Scientists from the University of California, San Diego used hard X-ray nanoprobe tools at APS and also at the National Synchrotron Light Source II (NSLS-II)—aDOE Office of Science User Facility at BNL—and characterized the new device at the microscopic scale. The researchers also used the high-performance computing cluster of CNM to study the atomistic mechanisms behind the tree-like behavior in nickelates.
“Using the high-performance computing cluster at CNM, we showed how the presence of an electric field can dramatically alter the barrier associated with proton migration in nickelates,” stated Sukriti Manna, a lead computational author and a postdoctoral researcher from the University of Illinois at Chicago (UIC) and the Argonne National Laboratory. Manna conducted the quantum calculations required to reveal the mystery behind this phenomenon.
An important aspect of the tree is to understand the atomistic mechanisms that enable branching. In simple terms, each branch of the tree is likely a different proton migration pathway controlled by electric fields.
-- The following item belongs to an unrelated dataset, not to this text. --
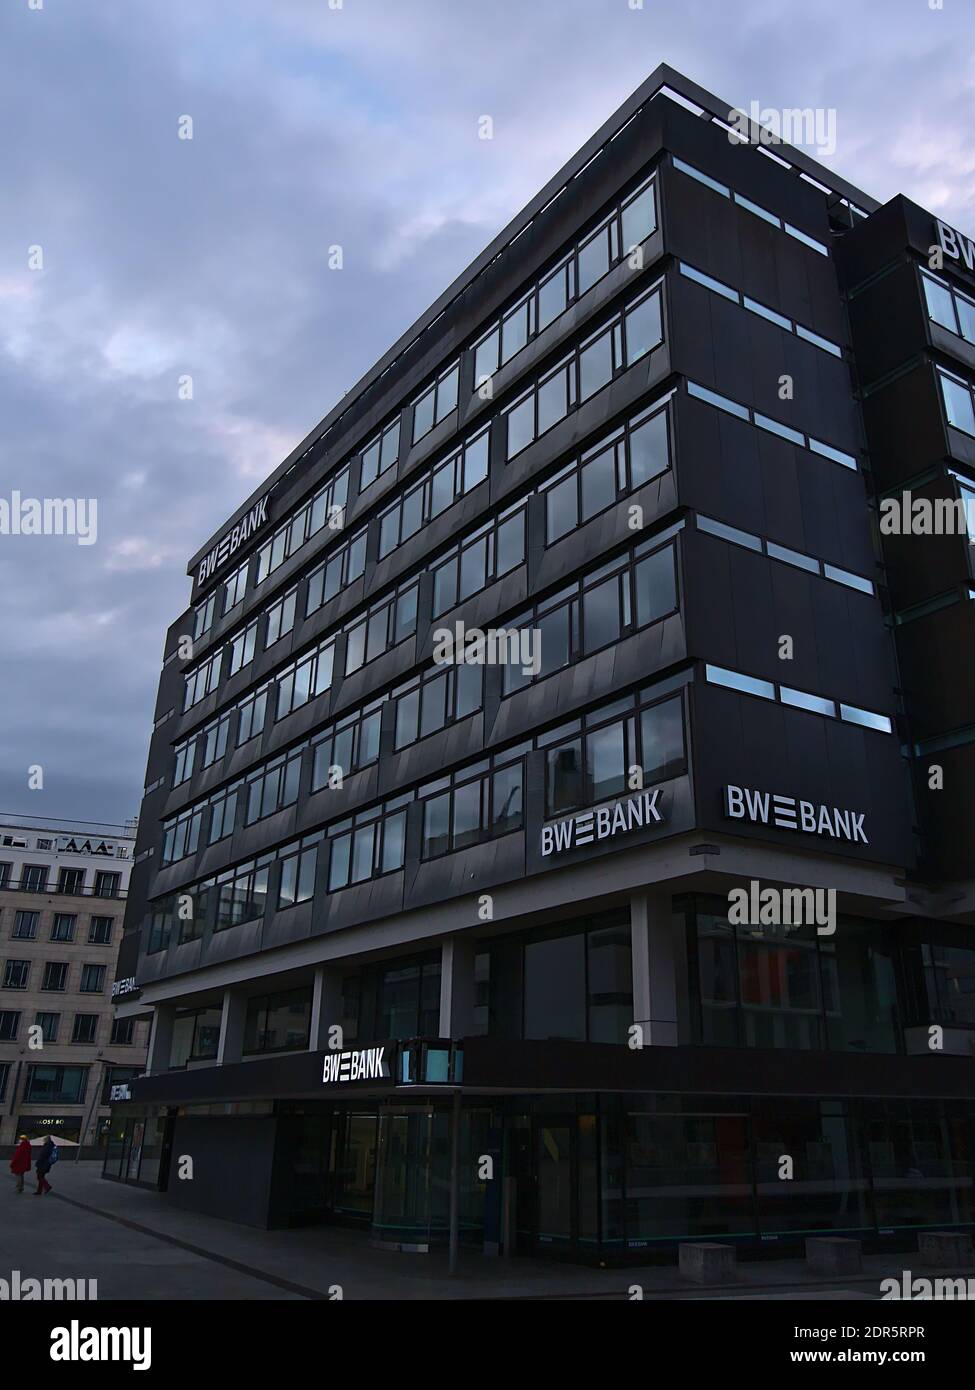 Building Of The Bw Bank High Resolution Stock Photography And Images Alamy

Subramanian Sankaranarayanan, Associate Professor, University of Illinois at Chicago
Sankaranarayanan is also a theory group leader at CNM. According to him, the sharing of smart features between software and hardware will be specifically valuable in sophisticated applications, like those associated with autonomous cars or in the discovery of life-saving medications.
“We are incredibly proud of our role in unlocking the potential of this critical discovery,” concluded Sankaranarayanan.
The study results have been published in the Nature Communications journal.
Zhang, H.-T., et al. (2020) Perovskite neural trees. Nature Communications. doi.org/10.1038/s41467-020-16105-y.